Management fees totaled \$15.70 million in 2025, up 8% from 2024, reflecting both higher asset values and performance fees. There were no extraordinary payments or unusual increases in director remuneration.

Risk Management and Outlook

  • Interest and FX Hedging: The REIT maintains an active hedging program, with over 50% of borrowings hedged through interest rate swaps and caps, and uses currency hedges to mitigate JPY/EUR volatility.
  • Liquidity: Ample undrawn committed facilities (\$60 million) and strong operating cash flow support ongoing commitments and distributions.
  • Tax and Regulatory: No adverse tax or regulatory changes were reported.

Chairman’s Statement

(No explicit Chairman’s Statement was included in the provided report.)
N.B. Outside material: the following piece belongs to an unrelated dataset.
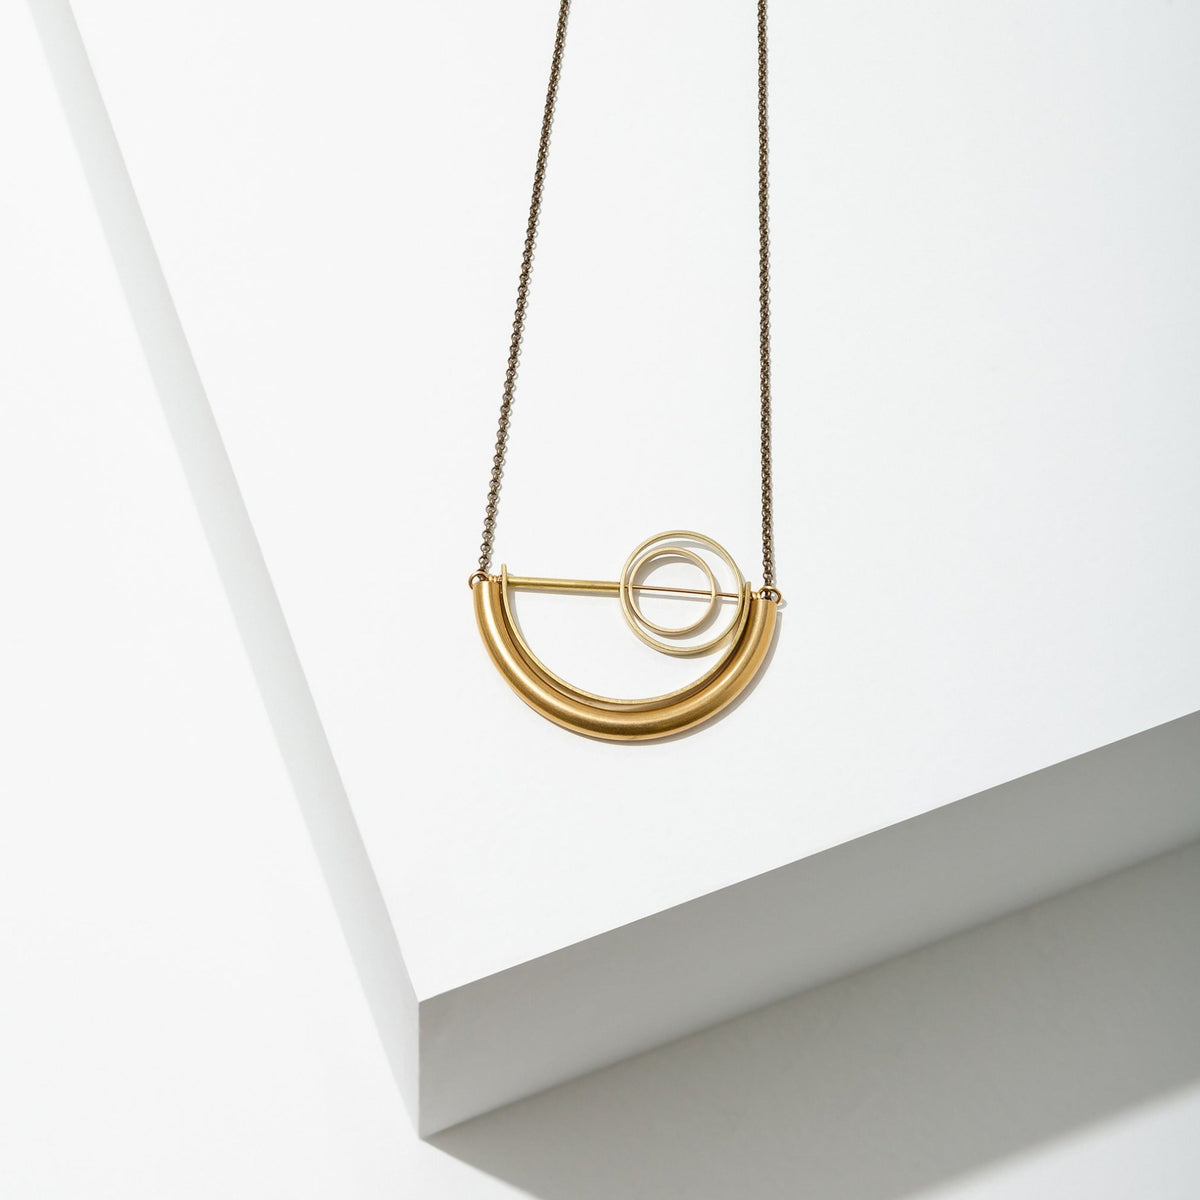 Alden Necklace | Long Gold Half Circle Pendant Necklace | Larissa Loden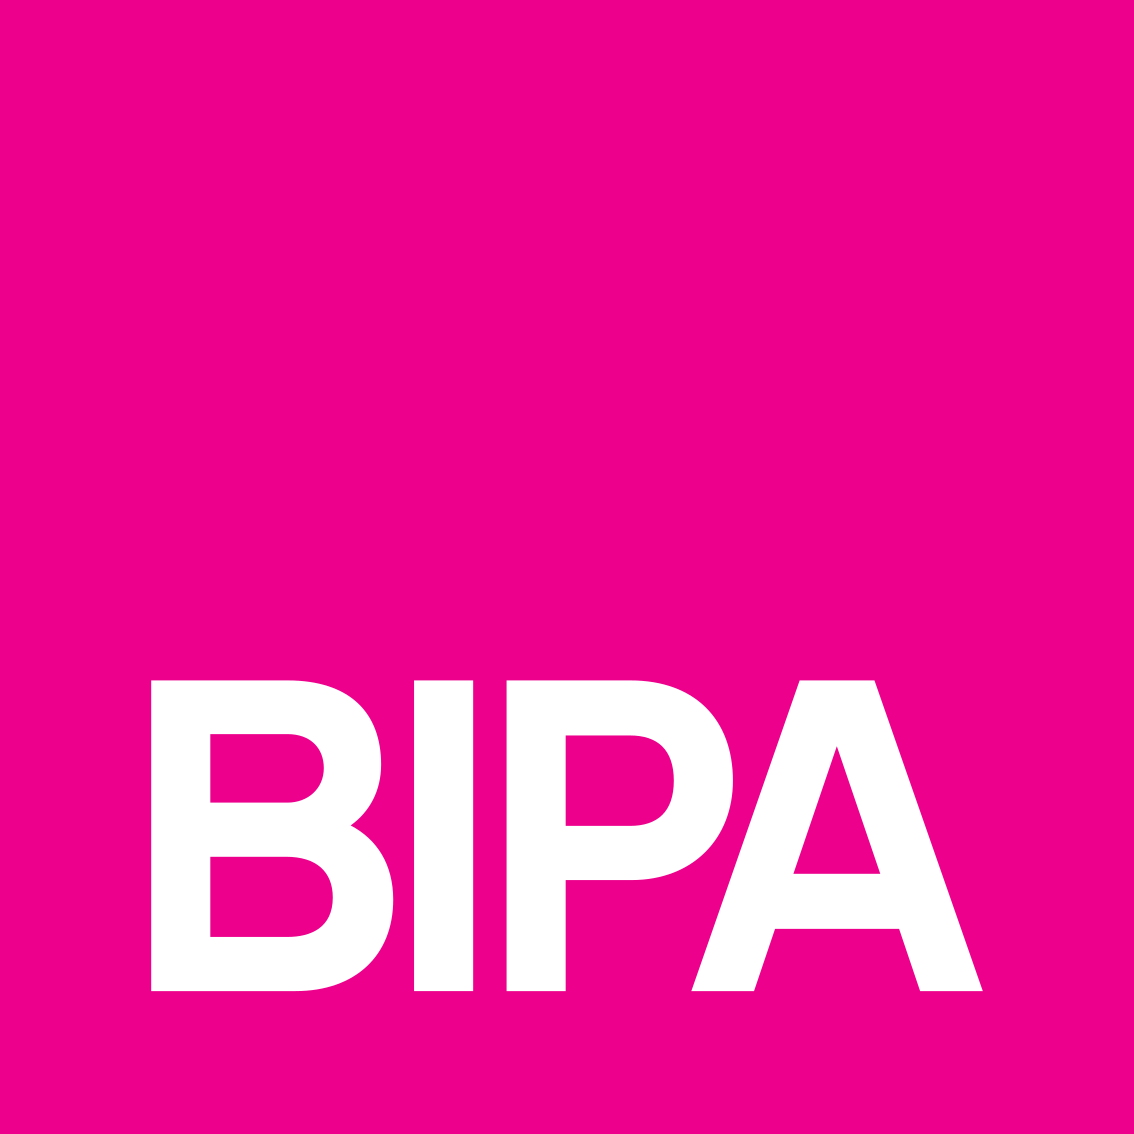 Bipa Logo

Conclusion & Investment Recommendations

Parkway Life REIT delivered a robust set of results in FY2025, marked by strong growth in both earnings and distributions, prudent capital management, and portfolio expansion. Asset values appreciated, and the balance sheet remains well-capitalized with low leverage and high interest coverage. Risks are well-managed, and the outlook appears stable.

  • If you currently hold PLife REIT: The REIT’s stable and growing distributions, resilient portfolio, and conservative balance sheet support a “hold” recommendation. Investors may consider accumulating on weakness, especially as the REIT continues to demonstrate strong fundamentals and prudent risk management.
  • If you do not currently hold PLife REIT: The REIT offers a defensive profile with consistent yield and growth potential in the healthcare space. New investors seeking stable income and diversification into healthcare real estate may consider initiating a position, especially given its track record and disciplined financial management.

Disclaimer: The above does not constitute investment advice. Investors should conduct their own due diligence and consider their risk tolerance and investment objectives before making any investment decisions. Past performance is not indicative of future results.